> PROBLEM STATEMENT: From the first line to the last, print the material exactly, skipping the pictures.

> RAW DATA:
[Start of Attachment]

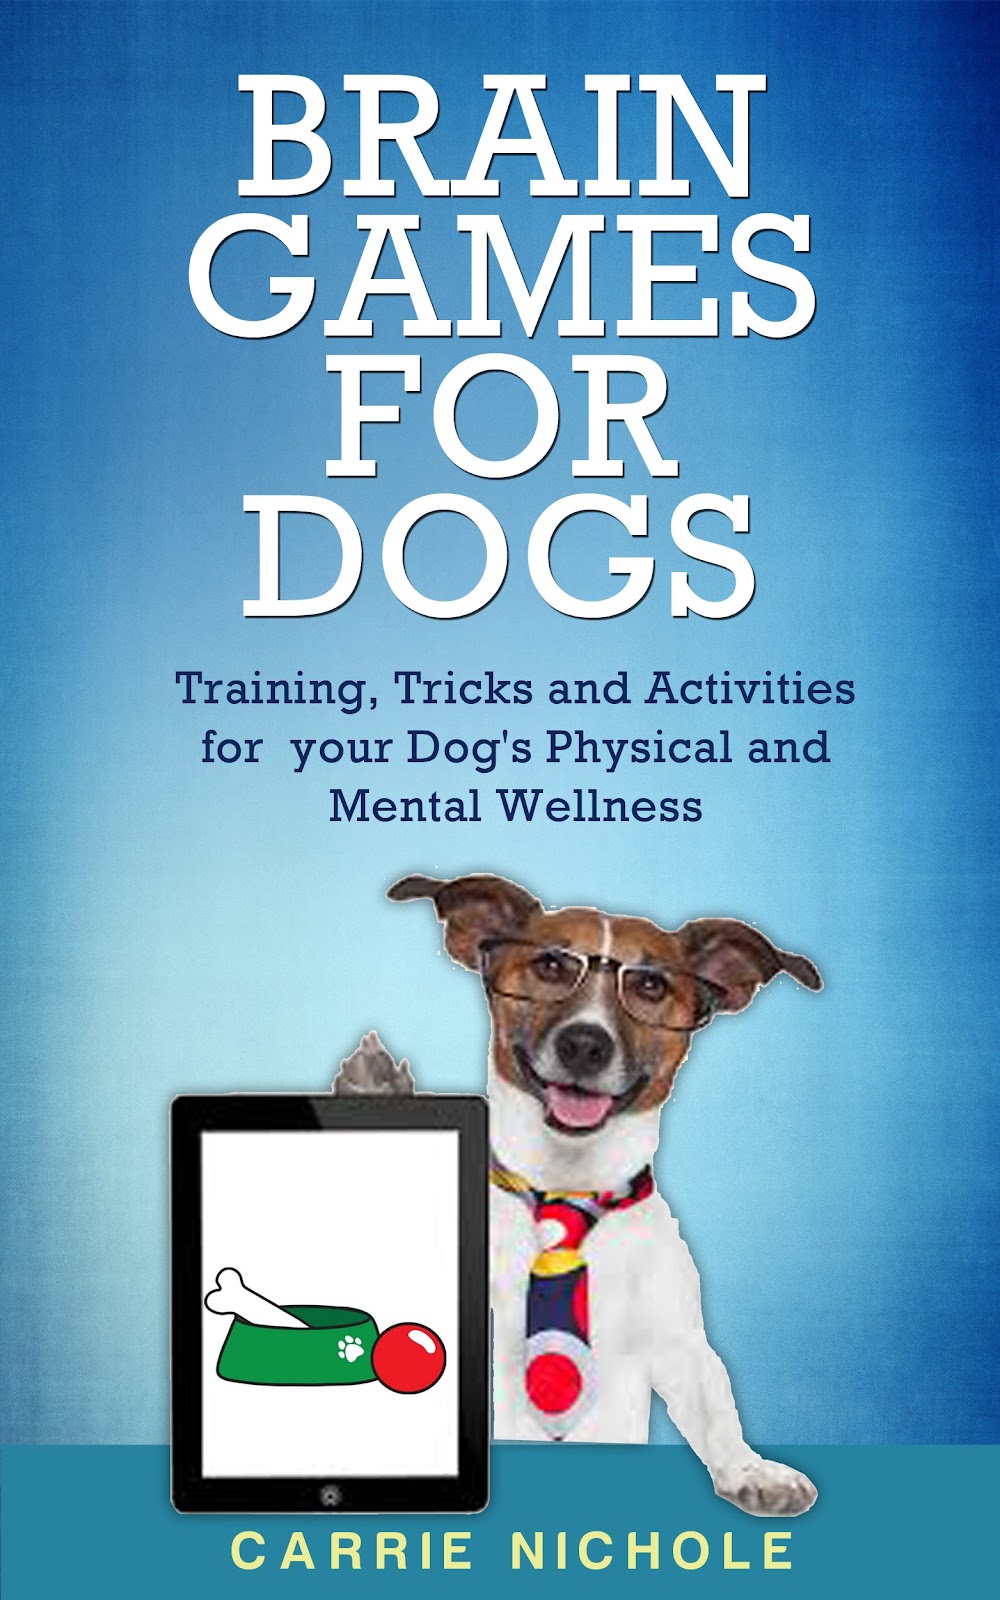 Popular Books - Brain Games for Dogs: Training, Tricks and Activities for your Dog’s Physical and Mental wellness( Dog training, Puppy training,Pet training books, Puppy ... games for dogs, How to train a dog Book 1)
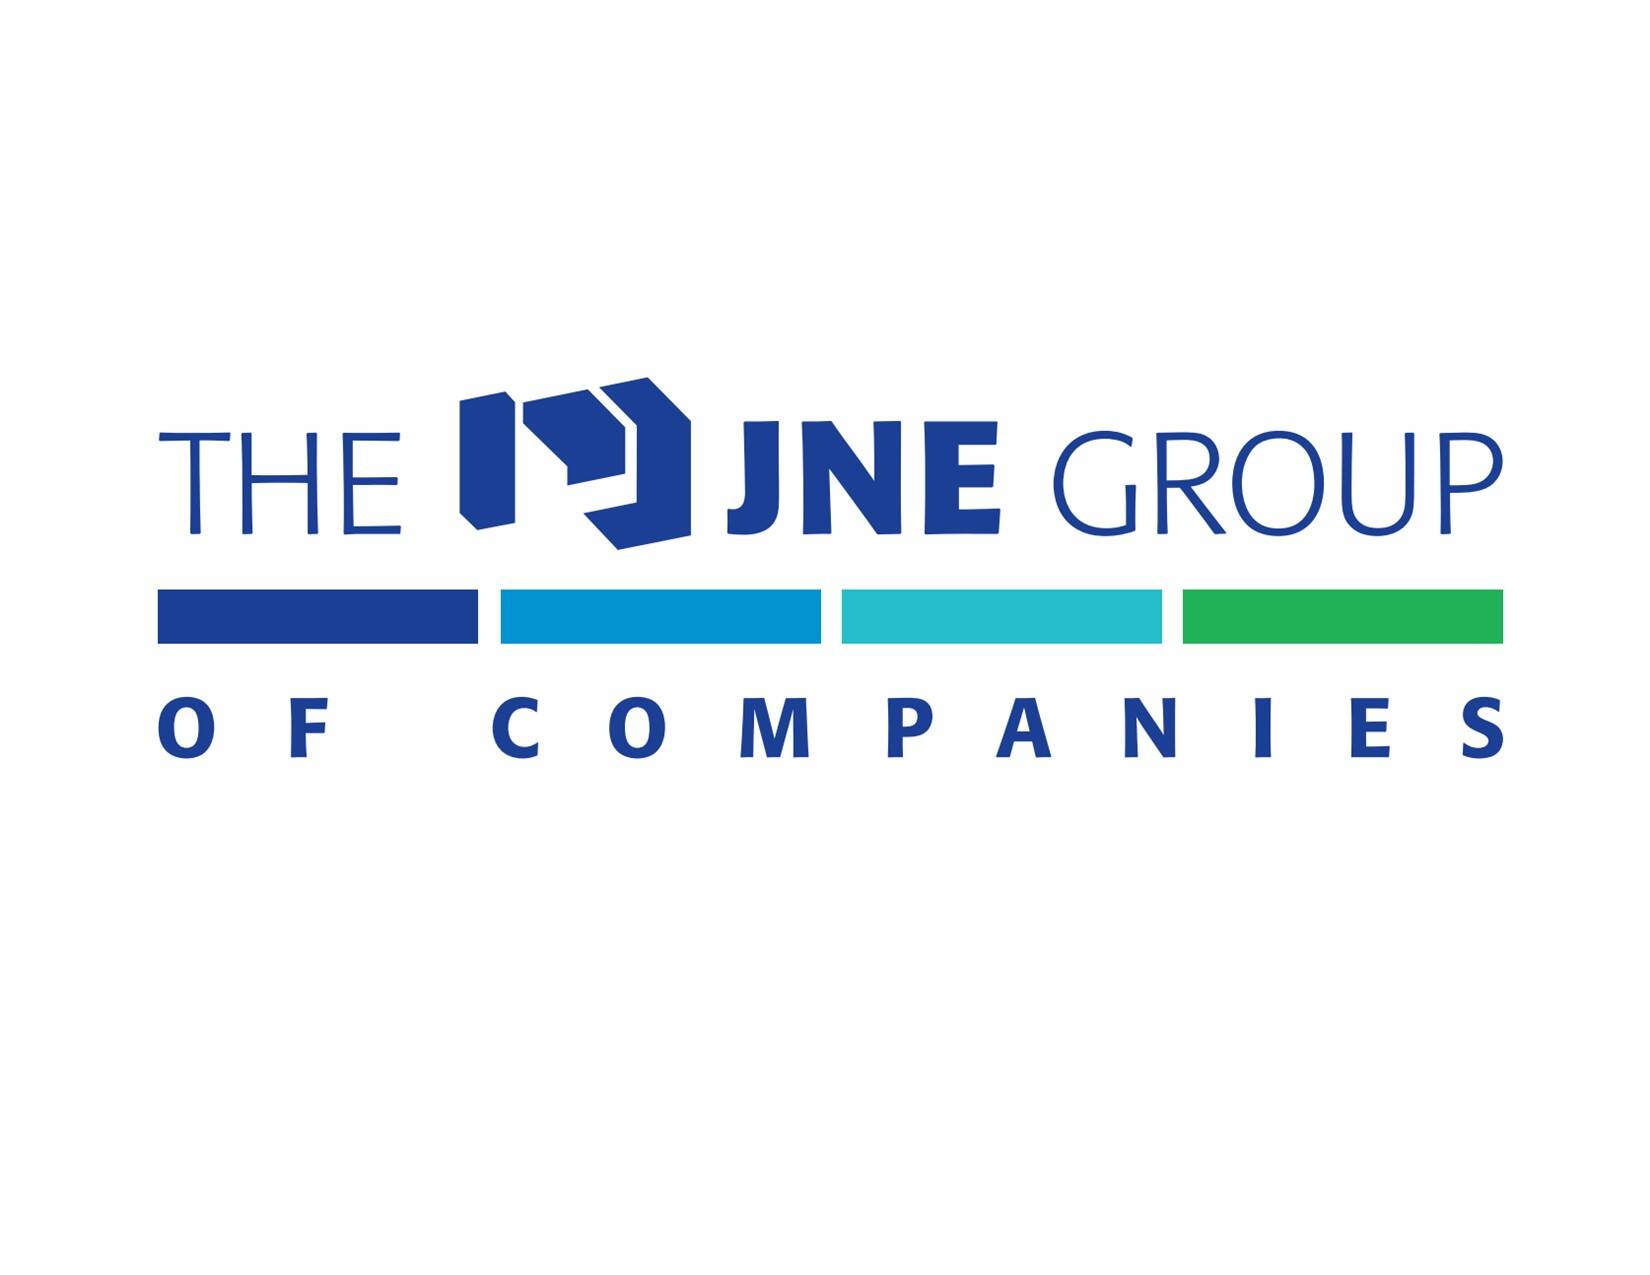 The JNE Group of Companies
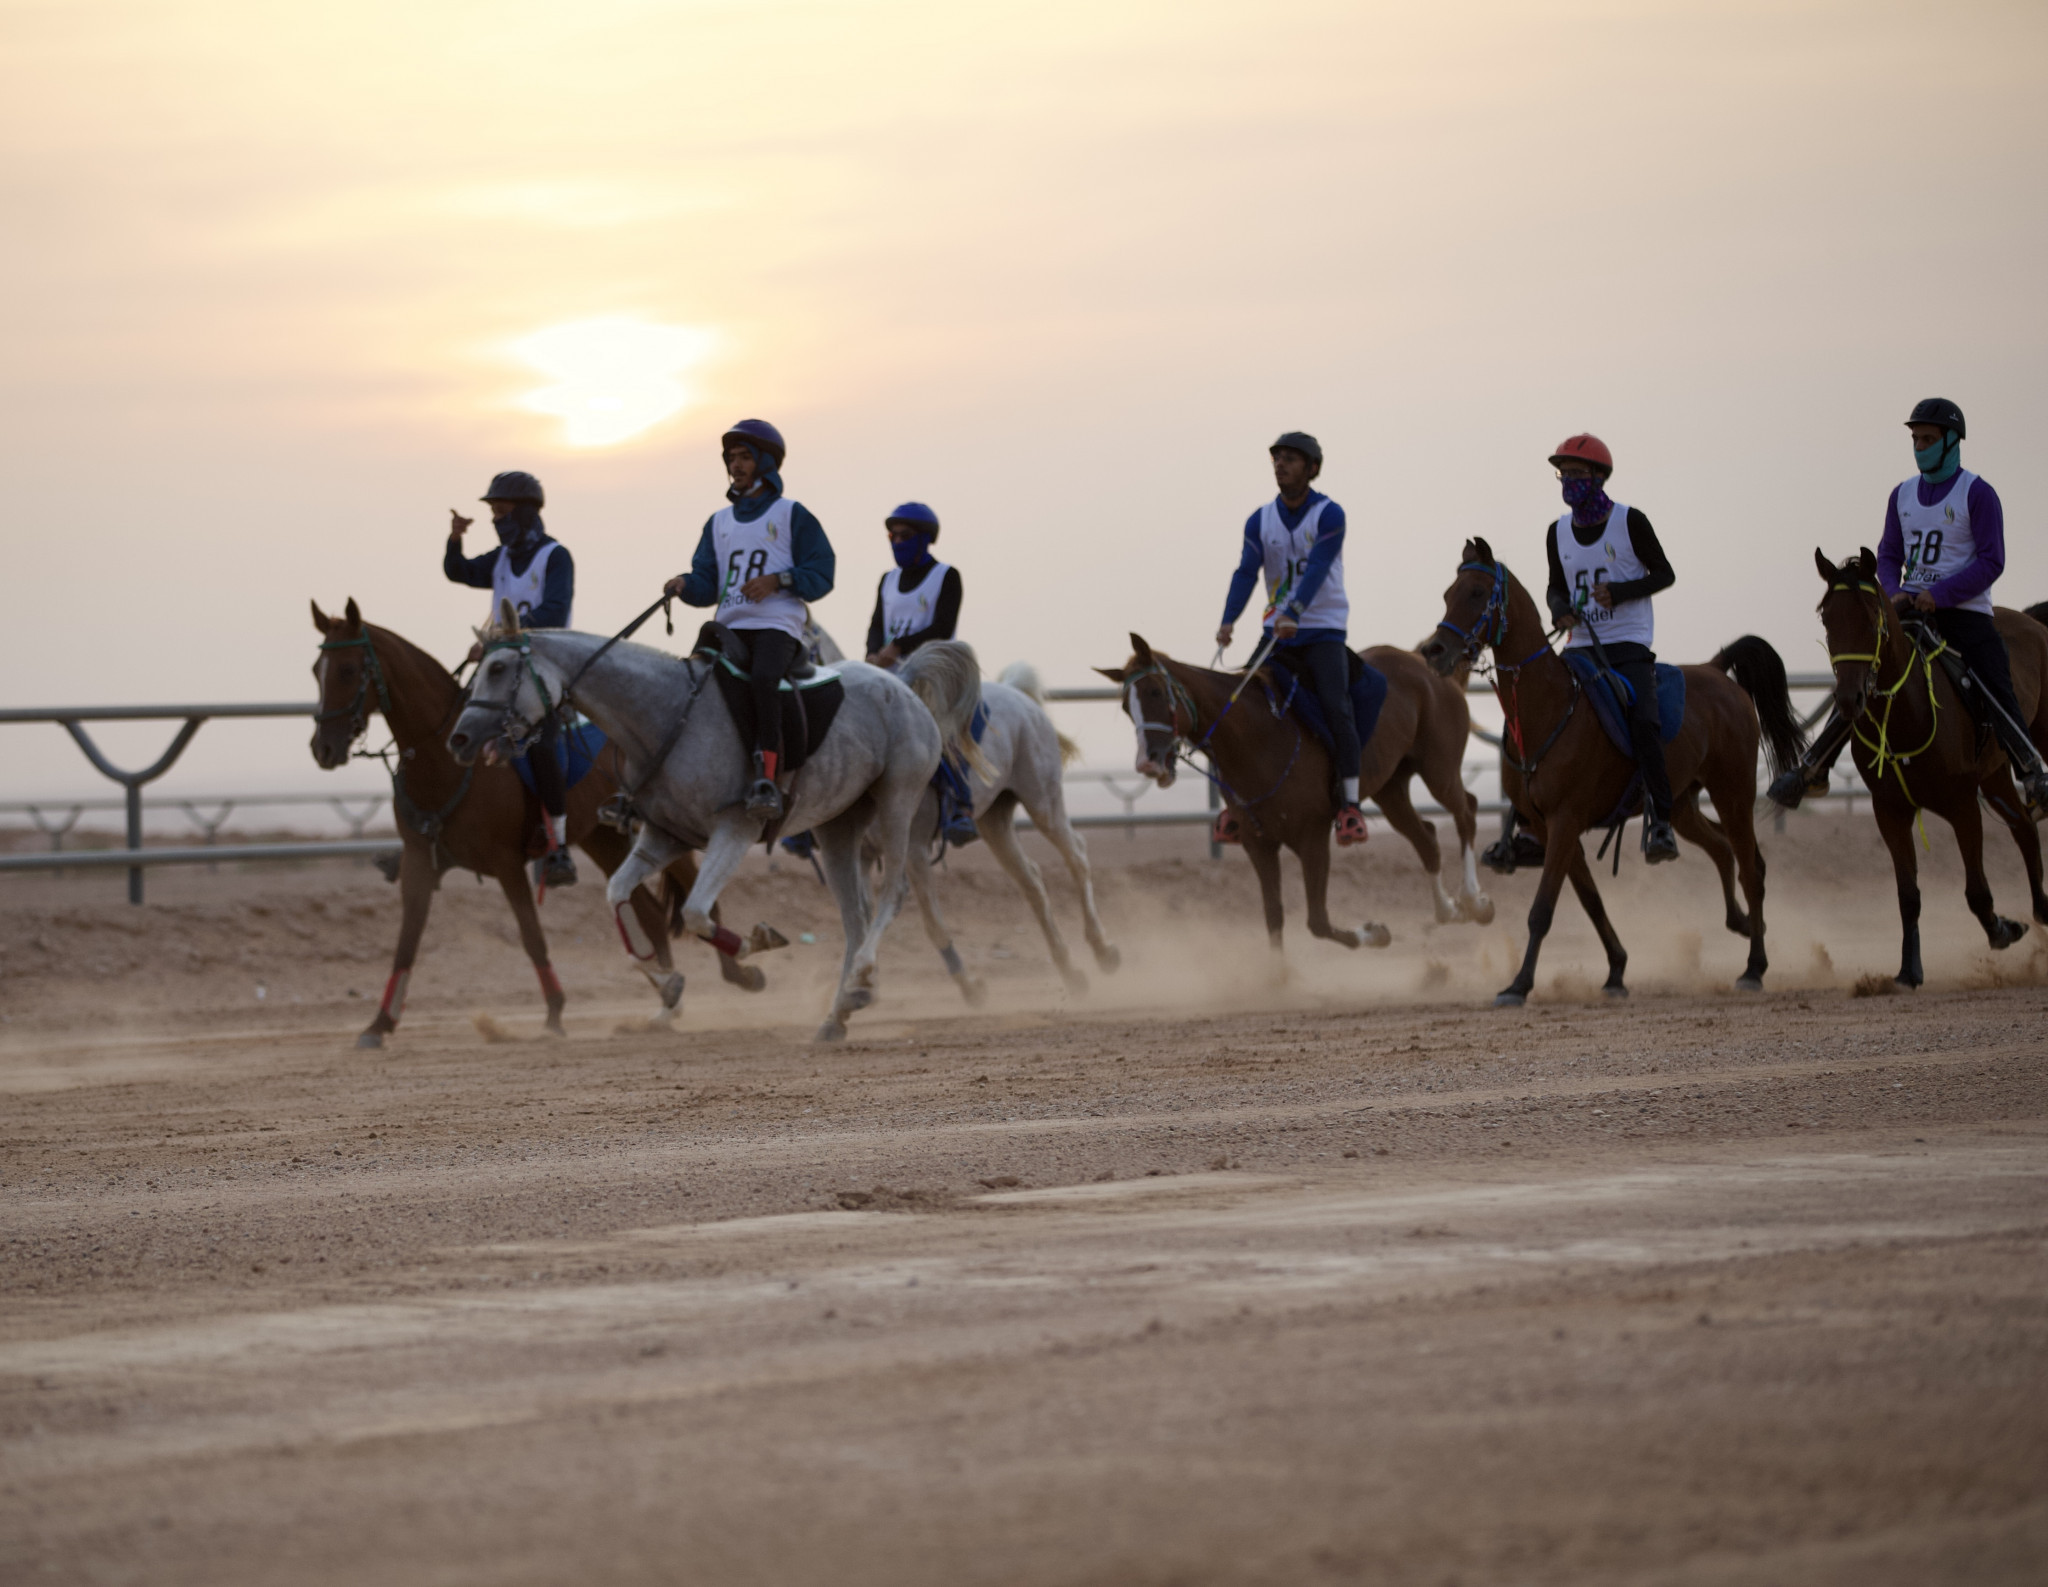 Riders raced to the finish in the equestrian endurance mixed team competition ©Saudi Games

[End of Attachment]

> SOLVED EXERCISE:
 Popular Books - Brain Games for Dogs: Training, Tricks and Activities for your Dog’s Physical and Mental wellness( Dog training, Puppy training,Pet training books, Puppy ... games for dogs, How to train a dog Book 1)
 The JNE Group of Companies
 Riders raced to the finish in the equestrian endurance mixed team competition ©Saudi Games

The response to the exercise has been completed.